PROBLEM
Please give every line below again exactly, but not its pictures.

DATA SHOWN
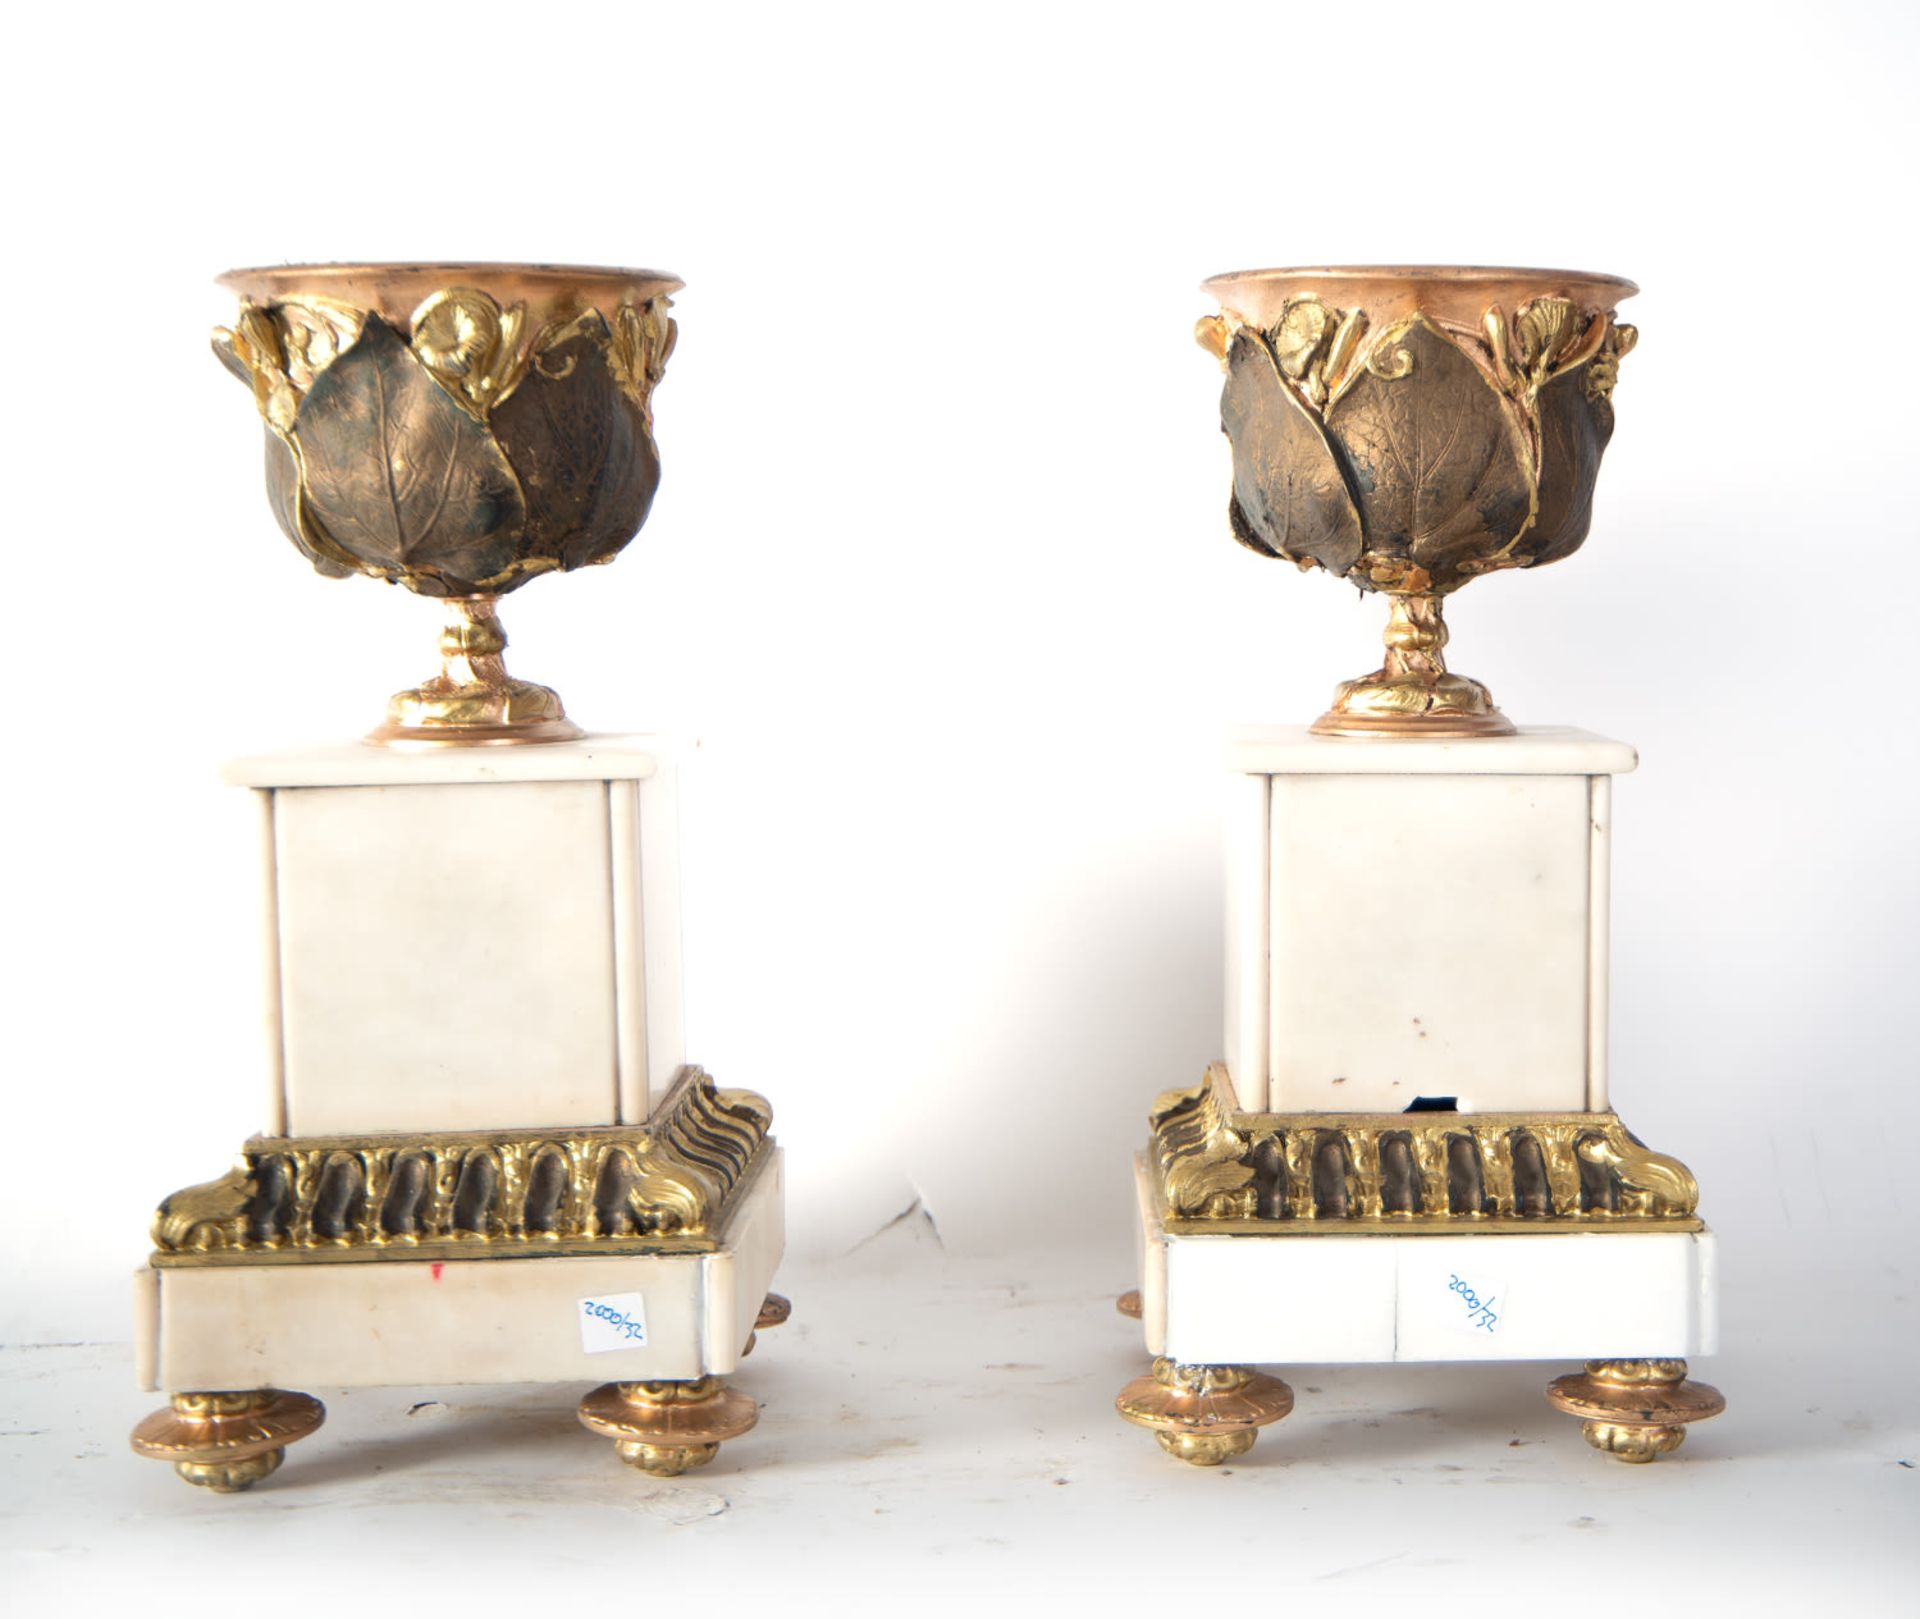 Bronze and white marble garniture with two cassolettes, "Allegory of Motherhood", 19th century - Image 6 of 9
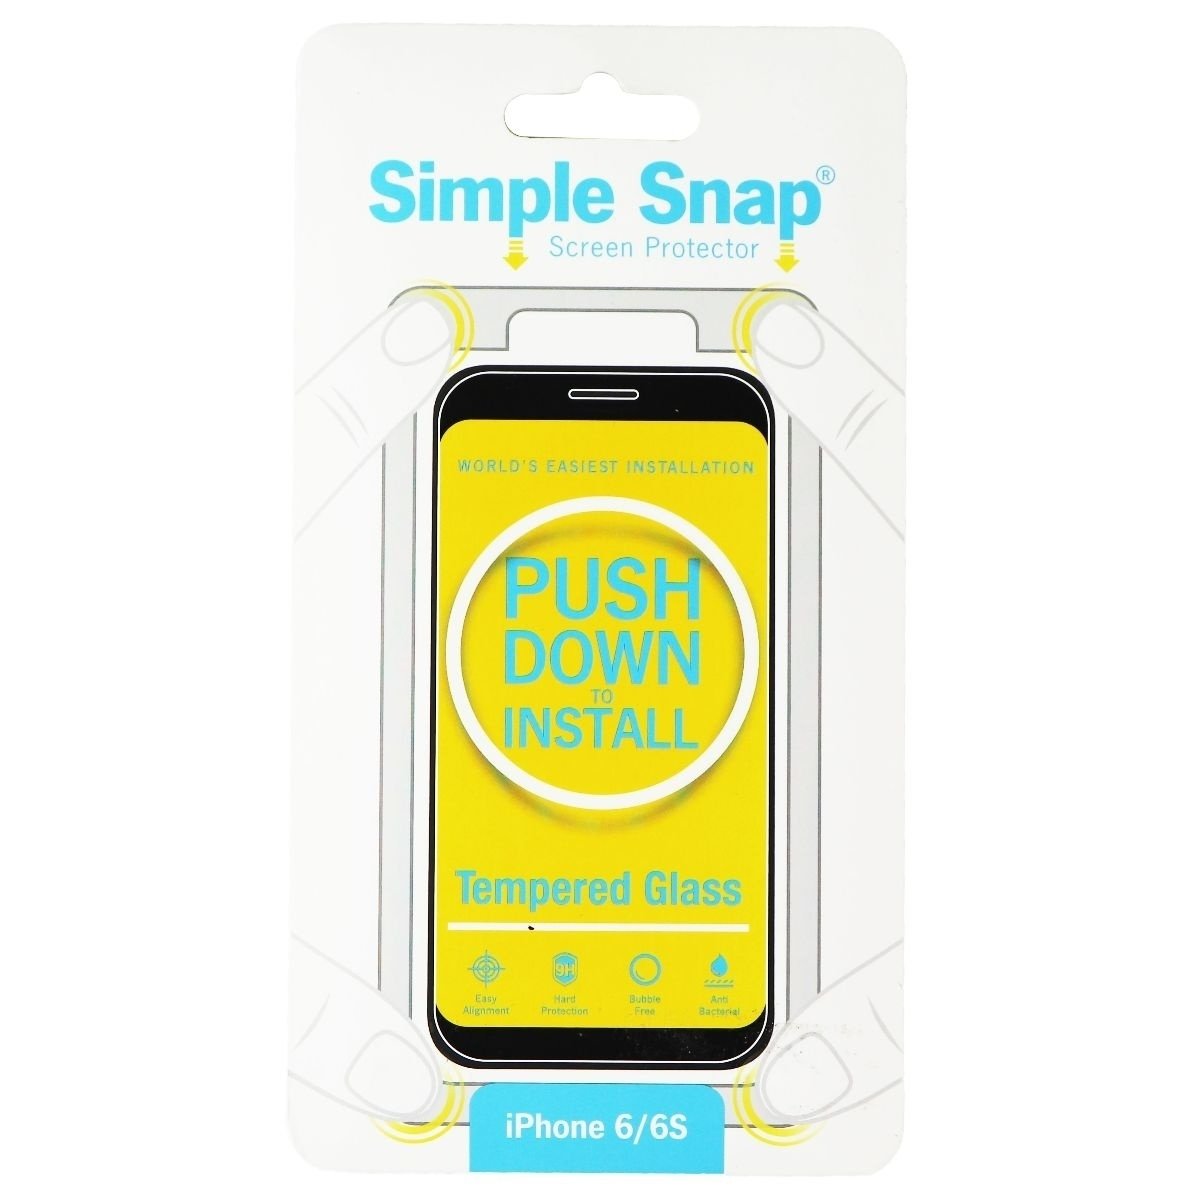 Simple Snap Tempered Glass Screen Protector For IPhone 6s/6 - Clear
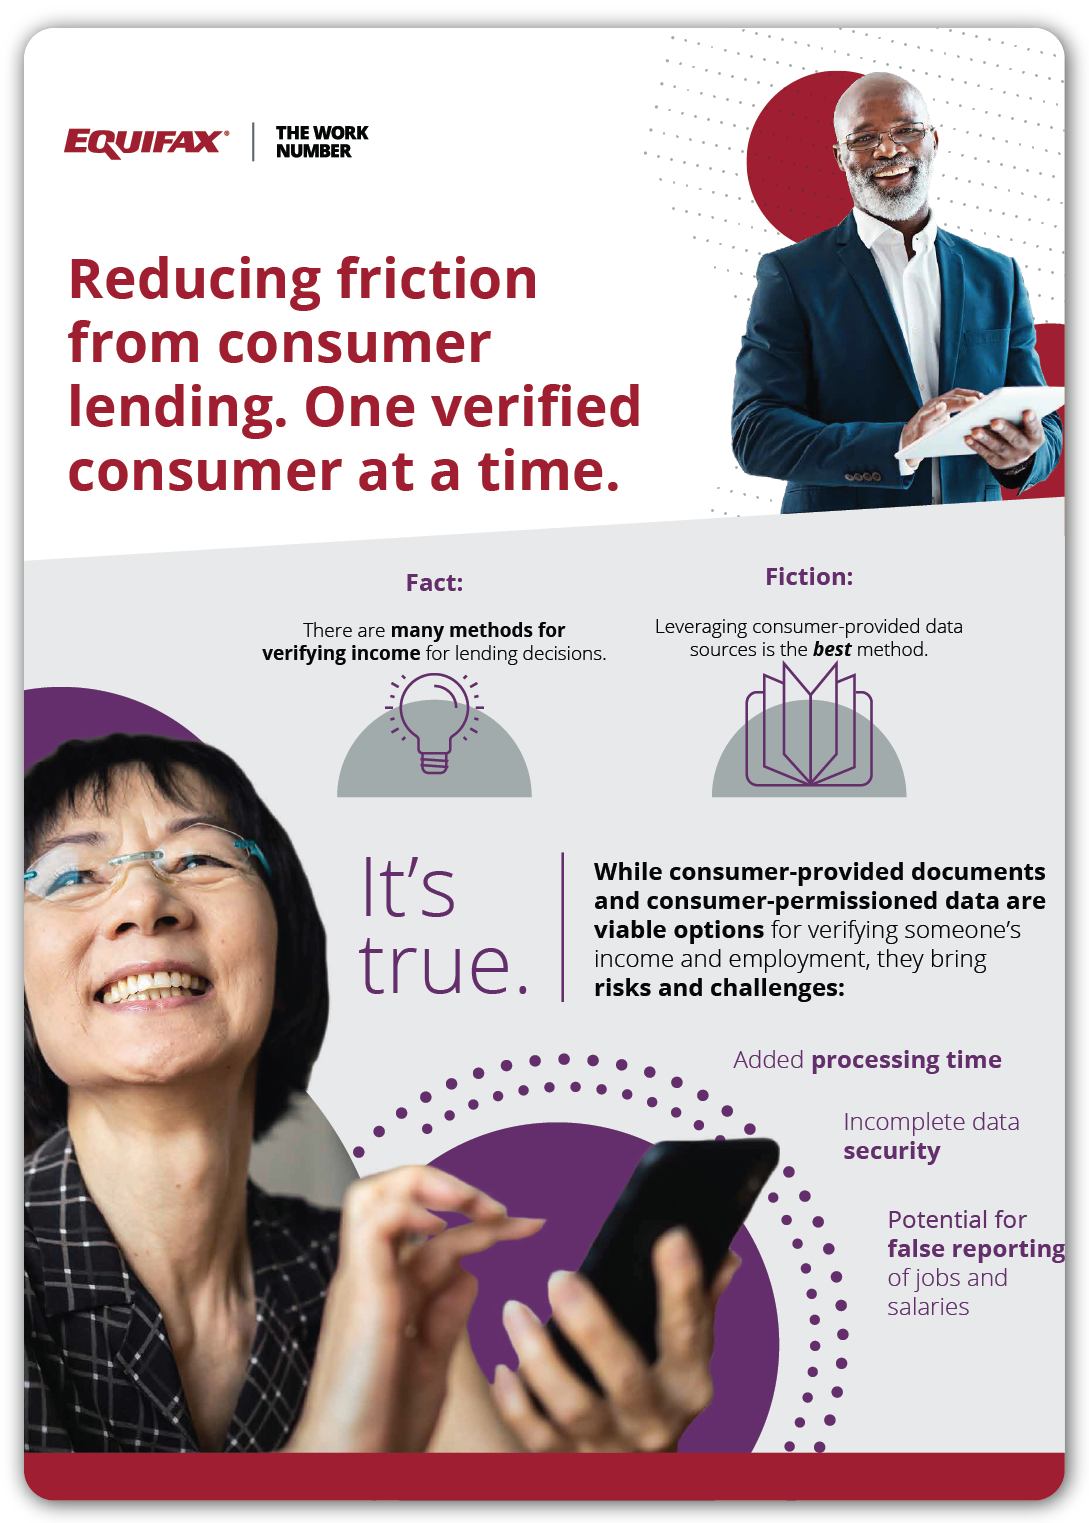 Reducing Friction From Consumer Lending. One Verified Consumer at a Time. Image

FINISHED TASK
 Bronze and white marble garniture with two cassolettes, "Allegory of Motherhood", 19th century - Image 6 of 9
 Simple Snap Tempered Glass Screen Protector For IPhone 6s/6 - Clear
 Reducing Friction From Consumer Lending. One Verified Consumer at a Time. Image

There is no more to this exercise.